I agree Crafty atm it fits my cars but when I add that extra bit may come in too tall.
TBH if I could weld I would be making a copy of the nice featured at the start of the thread as they will be more compact for storage I think.
Geoff


----------



## Cookies (Dec 10, 2008)

Great stuff Geoff. Could you use a router and create a shallow recess to set the pucks into? 

Just a thought bud. 

Cooks


----------



## Cy-Zuki (Feb 9, 2015)

Hi Cooks,
Yes I could ......if I had one! :thumb:

Personally, I think I have the clearance to get away with it. The other option is to slice the puck in half horizontally - which should provide enough cushioning and halve the number of pucks needed.

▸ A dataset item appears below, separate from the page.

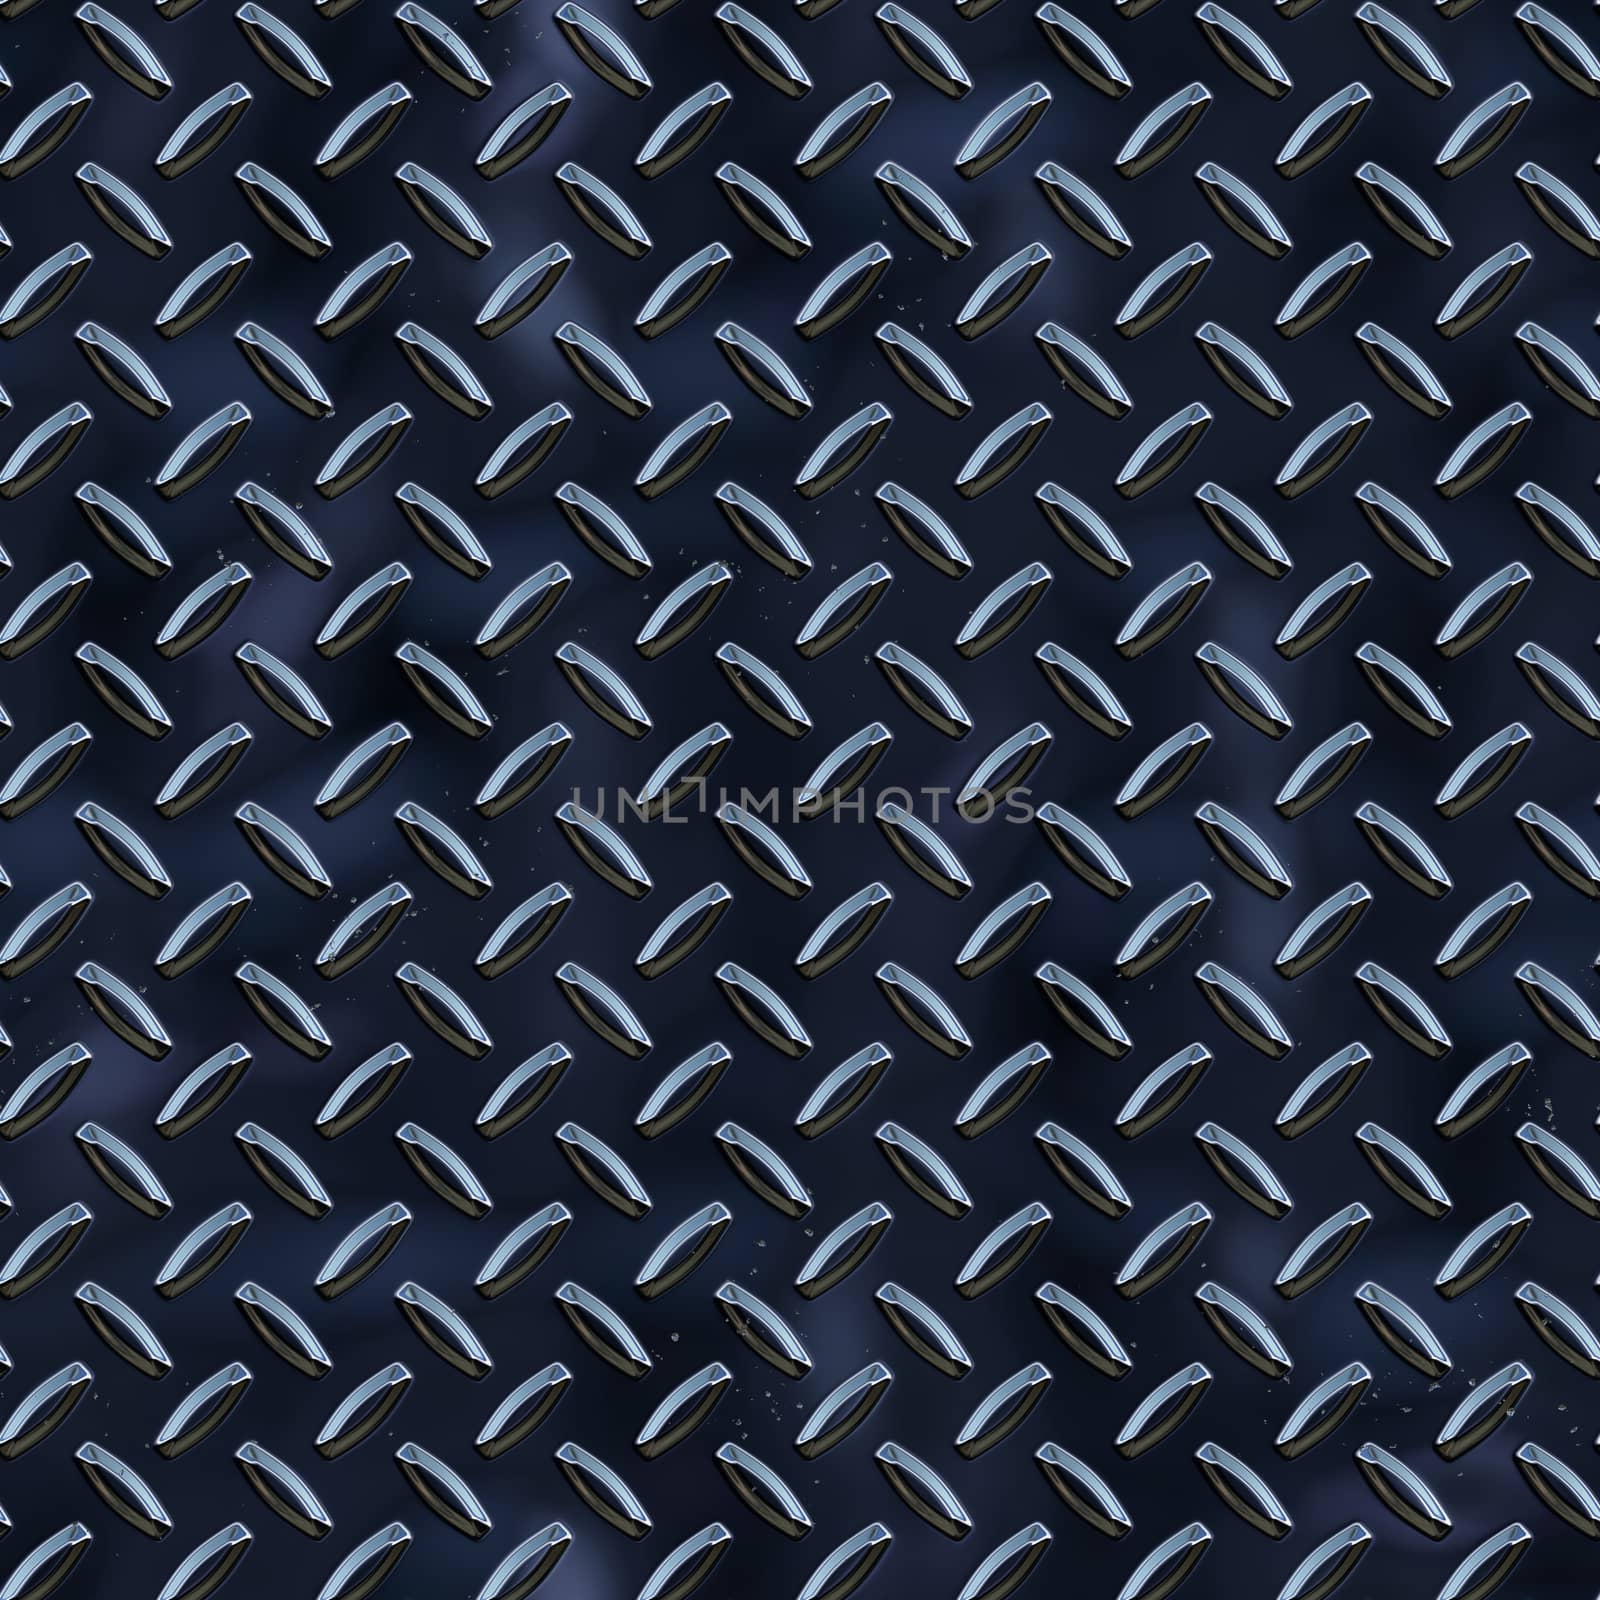 Blue Black Metal Plate Seamless Texture by whitechild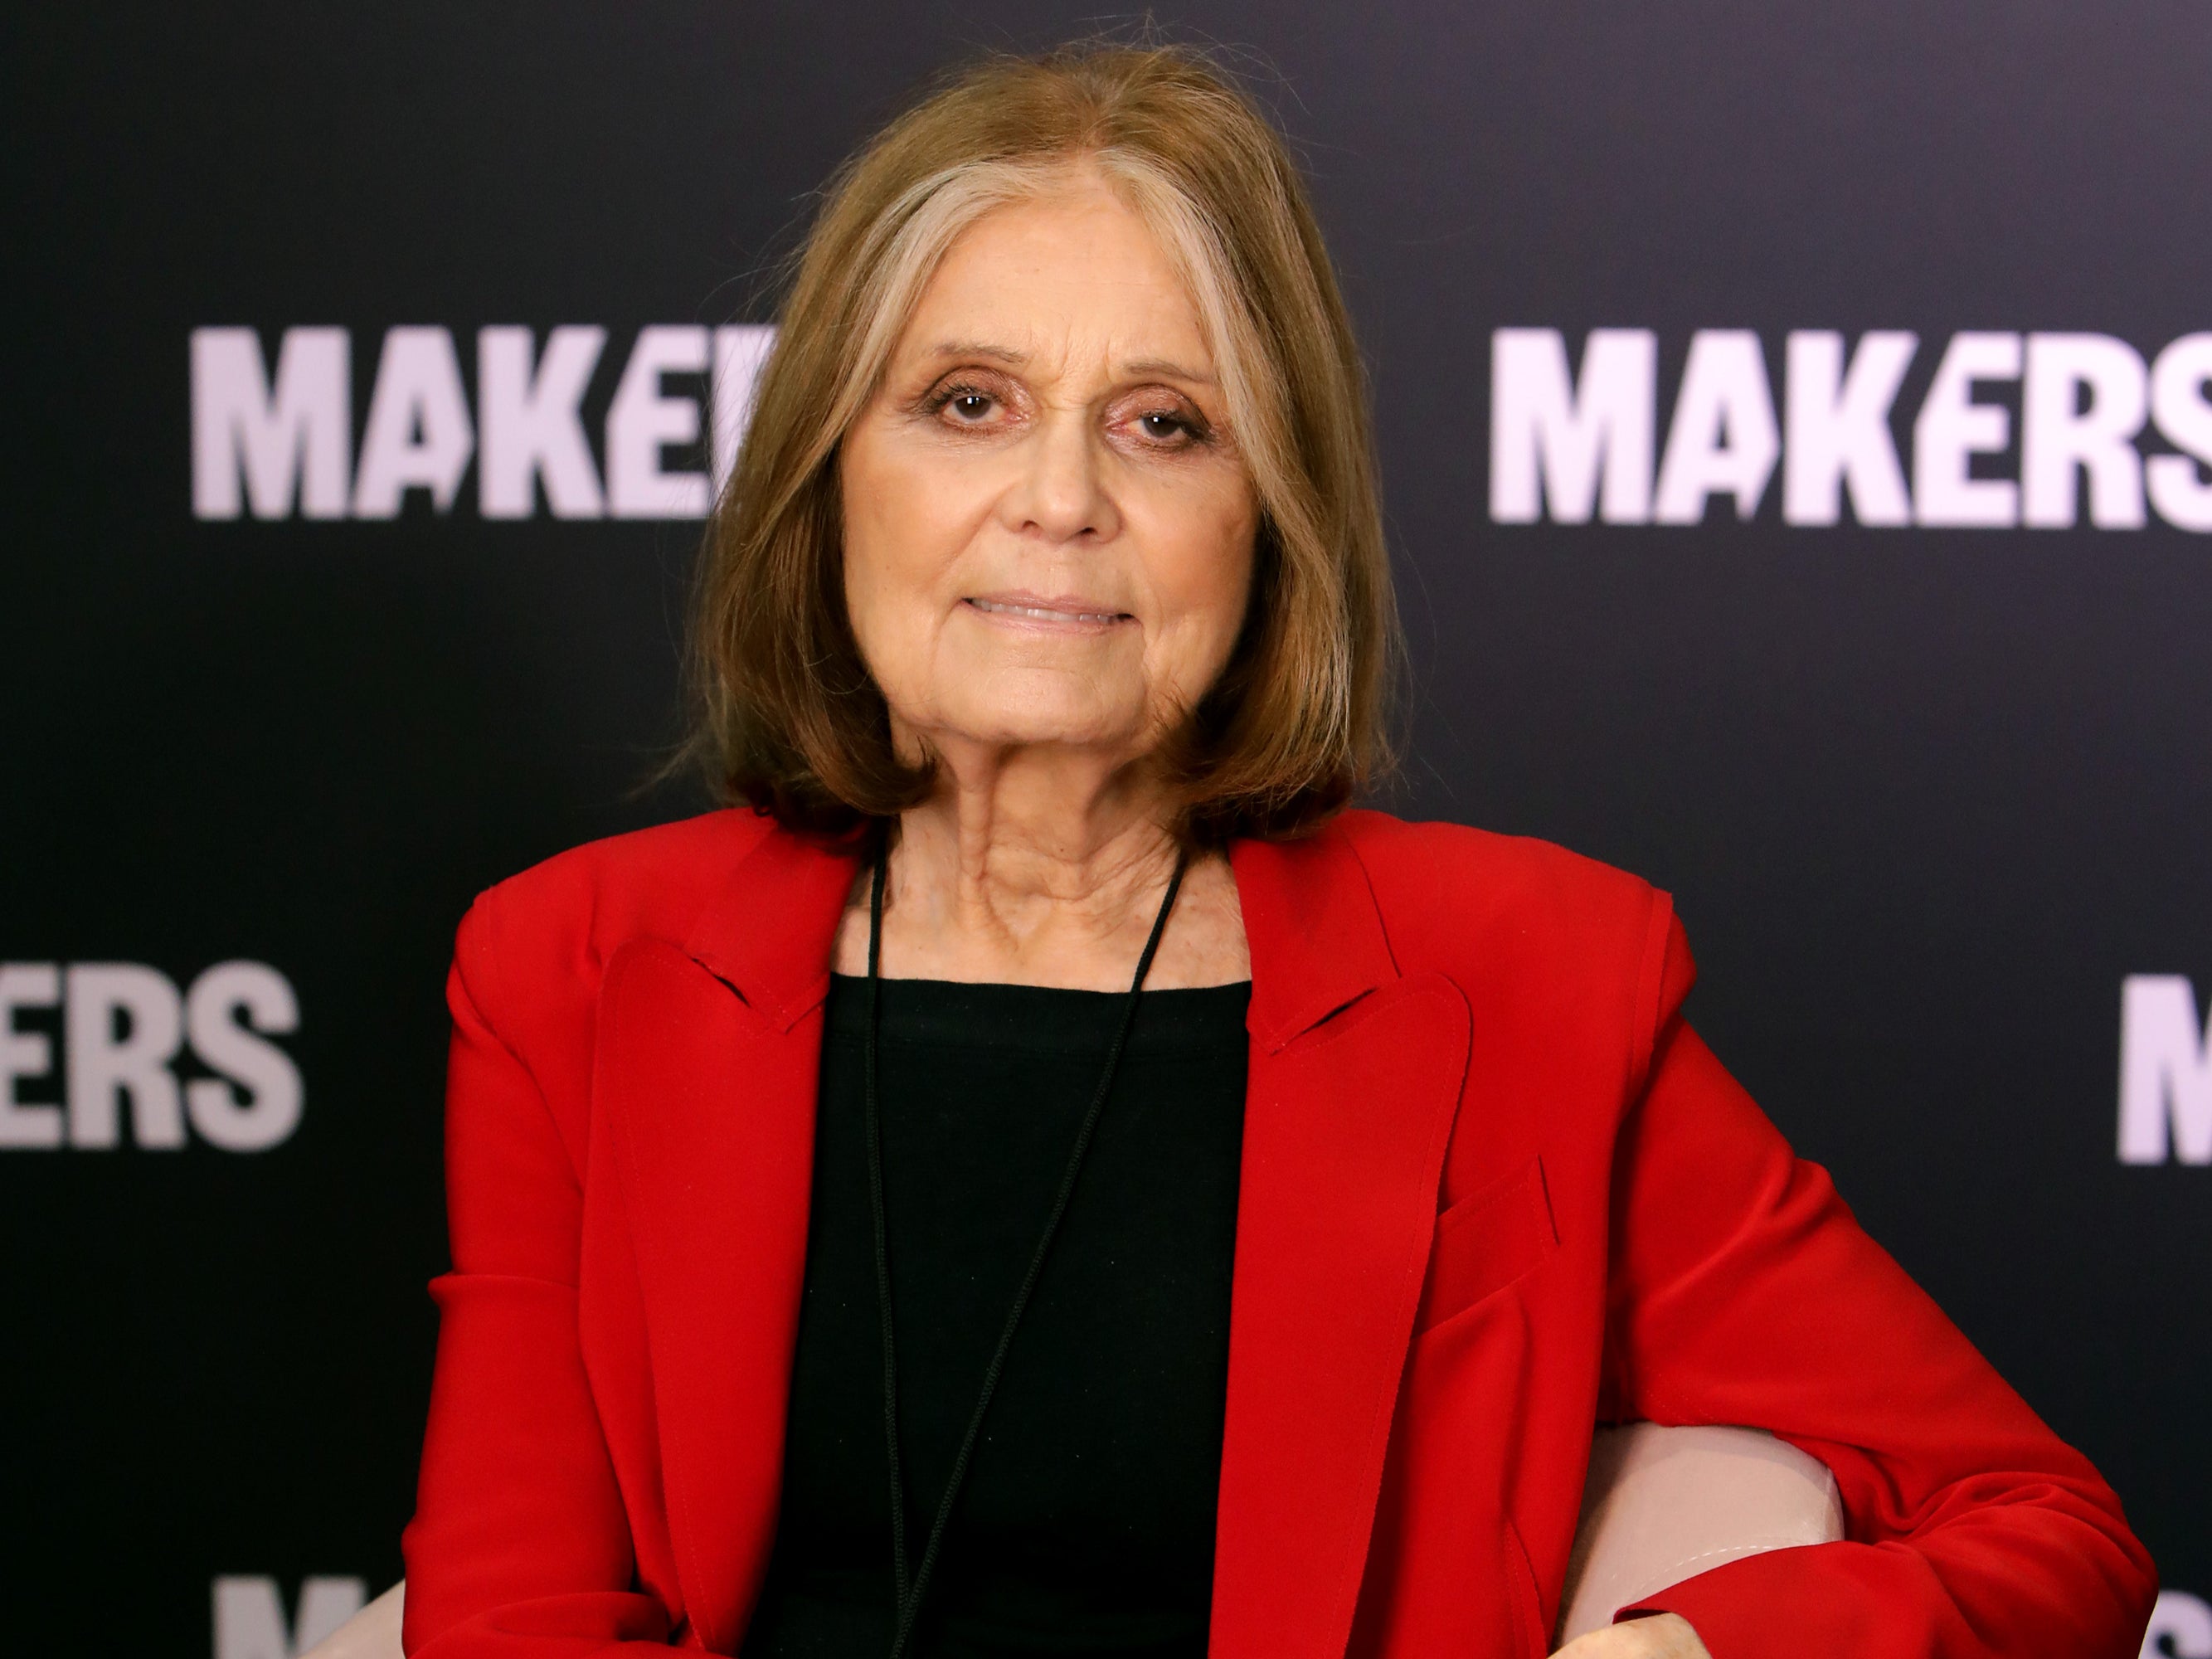 What Gloria Steinem thinks about Marilyn Monroe, American Masters

I am off to buy screws this afternoon and may just get more work done over the weekend - visitors permitting.

Geoff


----------



## Cy-Zuki (Feb 9, 2015)

OK guests are out on their own today so I have had a few minutes to play!

Next photos are on my (dirty) Yeti. Not sure, but it may have longer suspension travel than a "real" car :lol: but it is all I have here ATM.

So - blocks are screwed together and the car jacked up (below)


The image does not show it clearly, but the wheel is fully off the ground ready for removal if I choose.

Image below shows the car at approx same height with blocks added. These have not yet been cut properly to size or screwed together. I plan to test this on my wife's car for sizes but will try and source pieces of 4x4 to make a more solid base.



Next step is to make 4 of these and I will post a pick of all wheels off car at same time but it will probably be a couple of weeks before I can get to that.


----------